One of DataTorrent’s main differentiators are its visual tools. The streaming application builder and visual data dashboard enables quick experimentation over real-time data. Data scientists and developers can create real-time streaming applications in an easy and intuitive manner, without programming skills. Historically, development of these types of applications has been exclusively in the hands of knowledgeable technical developers, but with the application builder and data dashboard, these types of applications become much more accessible to a wider audience of users, leading to greater adoption within organizations.

For the operation of streaming applications, DataTorrent offers a console, a visual interface to monitor and manage applications. Along with the graphical user interface comes a REST API that can be used for integration into the existing data center infrastructure.

Competing Platforms

Several other offerings on the market seek to establish themselves as similar big data processing platforms for large-scale data processing, including the popular Apache Spark Streaming and Apache Storm projects. Both focus mainly on the programming aspect and platform, and prove difficult to integrate and often leave companies seeking additional tools. Despite the hype around Spark and Storm, enterprises struggle with both offerings’ narrow focus and rarely get beyond the proof-of-concept stage.

If so many enterprises are struggling to incorporate Spark and Storm, what’s the draw? Enterprises typically lean toward Spark and Storm in the preliminary stages for several reasons. Both projects are well known in the open source ecosystem around Hadoop. They are recognized as alternative processing engines and therefore MapReduce alternatives (Spark’s origin is fast in-memory batch processing).

Spark and Storm’s well-known names are making companies rethink their data processing use cases and look to stream processing to reduce time-to-action, reinforcing the need for an enterprise grade streaming platform in the market.

Comprehensive Approach

Enterprises need an enterprise-grade streaming analytics solution, based on a platform that is optimally suited for stream processing. To this effect Spark Streaming and Storm are fundamentally limited by their core architecture and not sufficient to deploy mission critical applications in an enterprise data center.

In contrast, Spark and Storm are neither data scientist nor application developer friendly, as both require hand coding since there is no library of pre-built code. Data scientists and developers should be able to use intuitive visual tools to create streaming apps and iterate over their hypotheses.
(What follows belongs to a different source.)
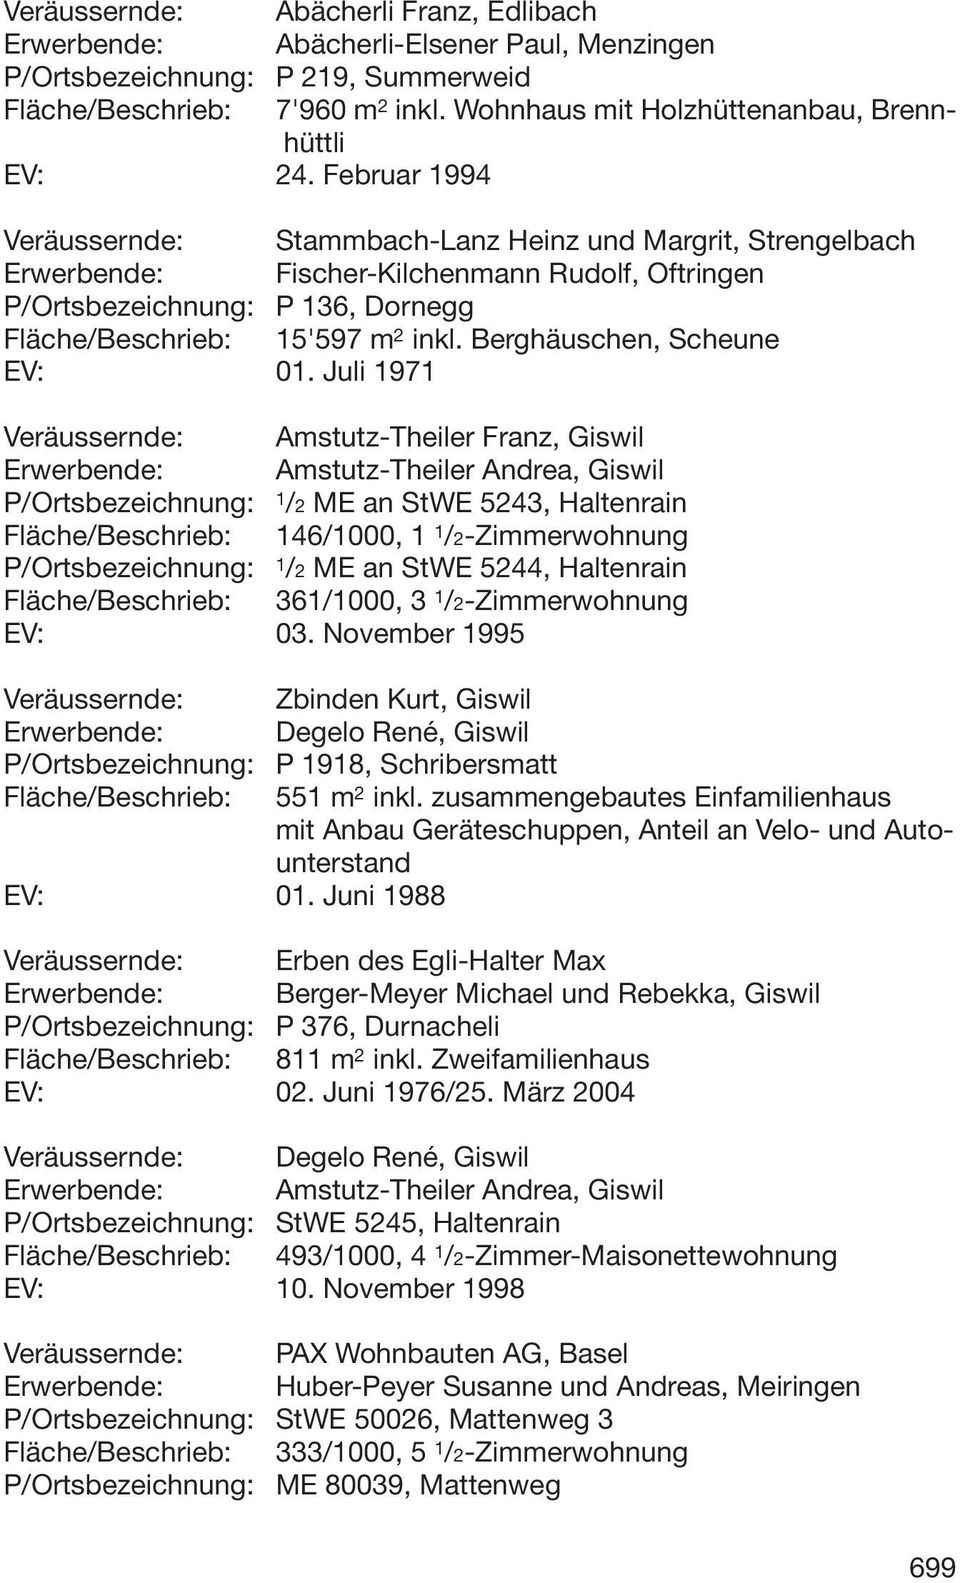 Februar 1994 Veräussernde: Stammbach-Lanz Heinz und Margrit, Strengelbach Erwerbende: Fischer-Kilchenmann Rudolf, Oftringen P/Ortsbezeichnung: P 136, Dornegg Fläche/Beschrieb: 15'597 m 2 inkl.
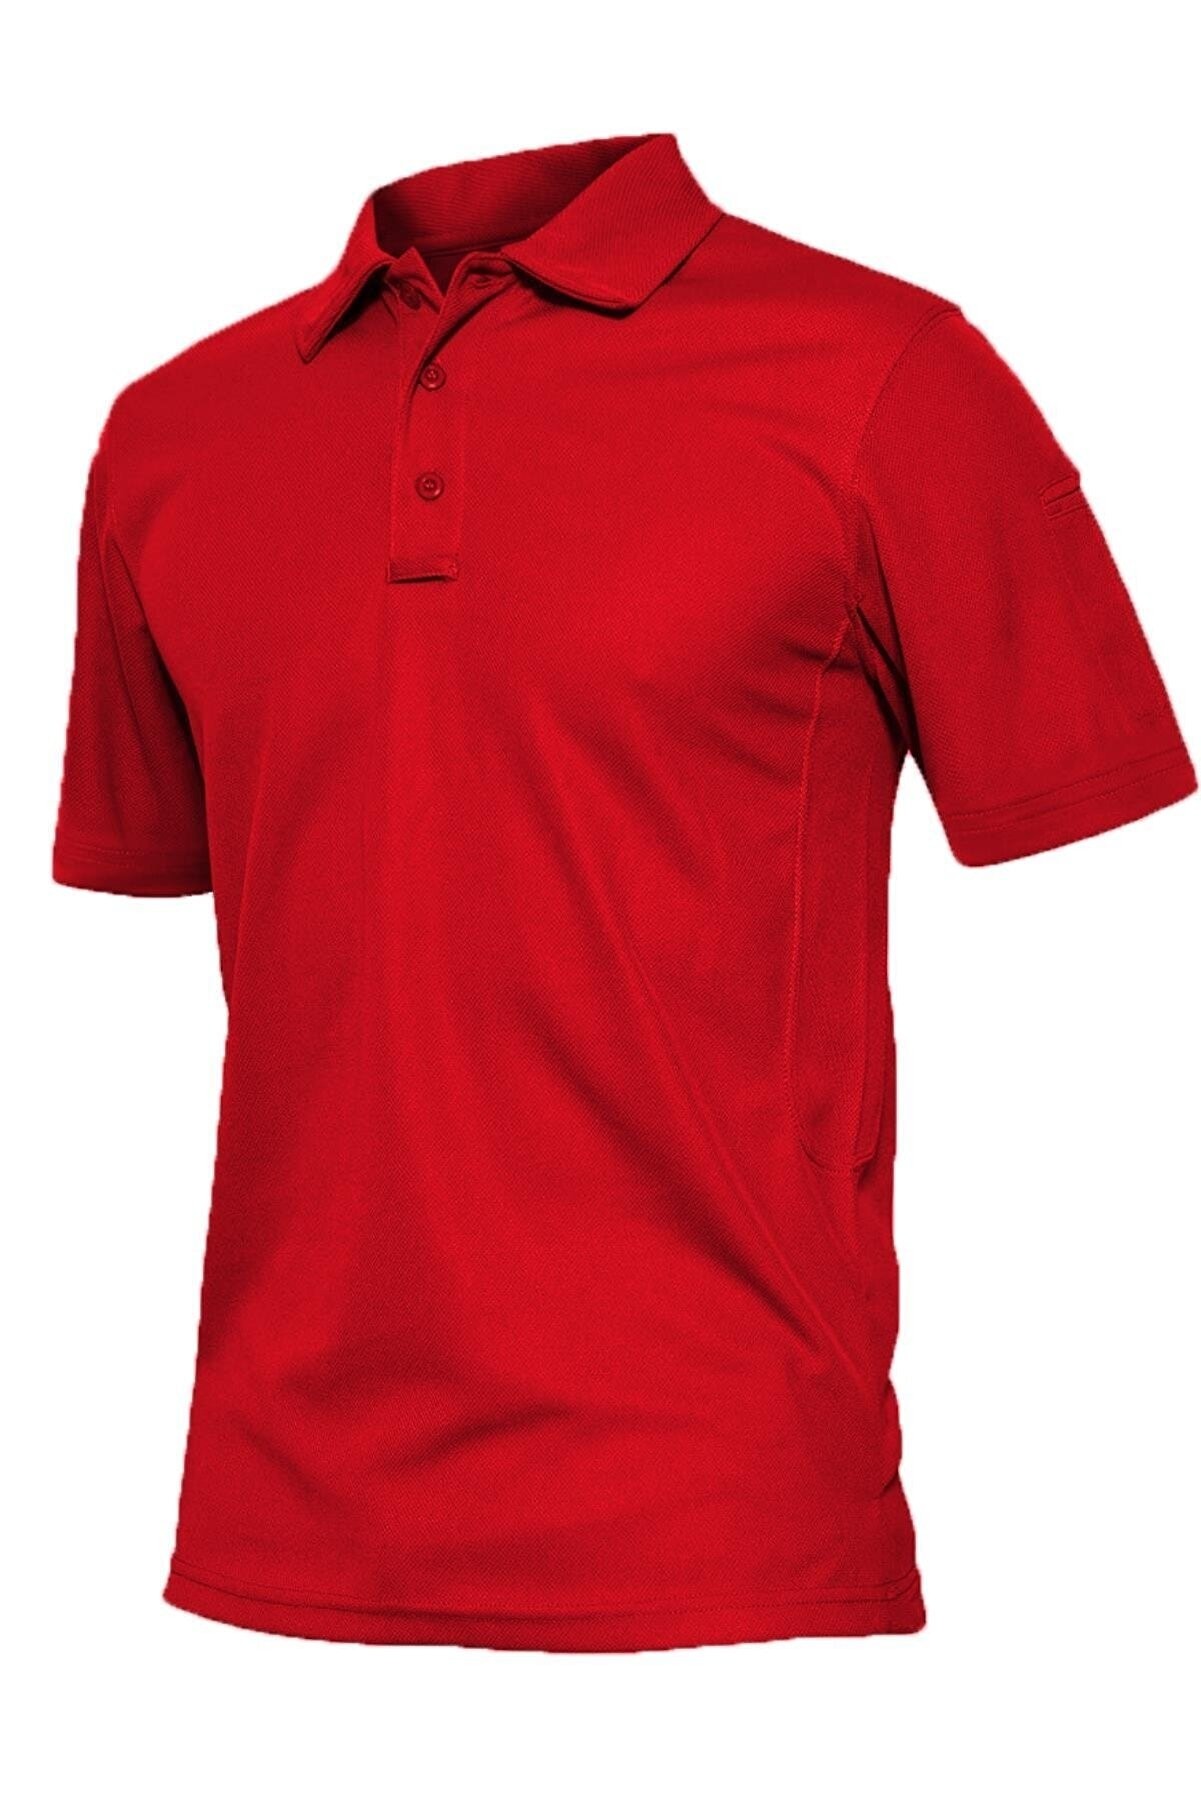 Ghassy Co. Erkek Taktik Polo Yaka Gömlek Hızlı Kuruma Nem Emici Performans Pique Jersey Golf T-shirt - Kırmızı

Programming is tedious, and with Spark and Storm, developers are forced to manually account for scalability, handle input data skews, hand-code fault tolerance for the application and attempt to force event ordering/re-ordering.

Spark and Storm solutions do not provide full visibility into metrics of application and infrastructure as required for a production system. DataTorrent covers these needs with the above mentioned console and ability to integrate with existing infrastructure. Beyond that, dynamic application updates are supported without taking down the system and keep up with the speed of business. Enterprises will demand a solution that, beyond development, fully covers the operational aspects including fault tolerance, monitoring, updating and diagnosis.

DataTorrent is running on top of YARN and HDFS on every commercial Hadoop distribution (CDH, HDP, MapR, Amazon EMR etc.) and can be used seamlessly in public or private cloud environments. DataTorrent empowers rapid time-to-market and time-to-value with its modular analytics capabilities that are easily combined using the visual application development interface. DataTorrent provides a library of over 450 pre-built Java operators that allow for a wide variety of analytical capabilities.

Architecture

Figure 2 shows the architecture of DataTorrent RTS. The entire system functions as a Hadoop 2.x-native application, running on top of YARN and HDFS. DataTorrent RTS fully leverages the underlying platform (scalability, multi-tennancy, security etc.) and coexists with MapReduce and other Hadoop jobs running on the cluster.

As a YARN native application, DataTorrent implements an application master (Streaming Application Master— StrAM), which serves as the brain and the bookkeeper of the streaming application. StrAM is responsible for managing the DataTorrent RTS application within the Hadoop cluster, as well as the DataTorrent real-time processing functionality.

 

Figure 2. DataTorrent RTS as Hadoop 2.x native application.

Figure 2. DataTorrent RTS as Hadoop 2.x native application.

 

Operators are the fundamental building blocks that streaming analytics systems use. DataTorrent RTS applications can be built from over 400 operators in the open source Malhar library (https://github.com/DataTorrent/Malhar). Custom operators can also be easily written, using the Malhar operators as starting point.

DataTorrent RTS applications are created by adding operators and streams to a DAG. To do this, developers work in their choice of Java IDE or in the graphical application design tool. Figure 3 illustrates the development process.

Figure 3. Application’s logical plan, consisting of operators connected by streams.

Figure 3. Application’s logical plan, consisting of operators connected by streams.

 

The typical DAG consists of one or more input sources connected through streams to other operators and finally to one or more output destinations. The Malhar operator library provides adapters for a wide variety of systems.

The developer can also set attributes that affect the physical plan and execution of the application, such as partitioning and affinity. There are a variety of attributes to control platform behavior and tune applications without changing the operators or application themselves. This is another key differentiator of DataTorrent RTS.

Streaming Window

Streaming applications have special needs in terms of both operability and functionality. For operability, applications need bookkeeping, fault tolerance and state management. From a functional standpoint, applications need to be able to accumulate data in a manner that fits specific business needs. In DataTorrent RTS, both operability and functionality constraints are accommodated with streaming window based event processing. Figure 4 illustrates how the event stream is processed in windows.

Figure 4. Window based event processing.

Figure 4. Window based event processing.

 

Windowing is a fundamental native capability of the DataTorrent RTS streaming platform. As implemented in DataTorrent RTS, streaming windows are finite time slices that constitute a large set of consecutive events. The system is non-blocking and no acknowledgements are necessary. Windowing results in sophisticated abilities to enable and boost linear scalability, as well as to provide for inherent fault tolerance as a fundamental system capability.

Summary

Enterprises are seeing big data and real-time streaming as an opportunity to better serve their customers, increase revenues and reduce costs through operational efficiencies.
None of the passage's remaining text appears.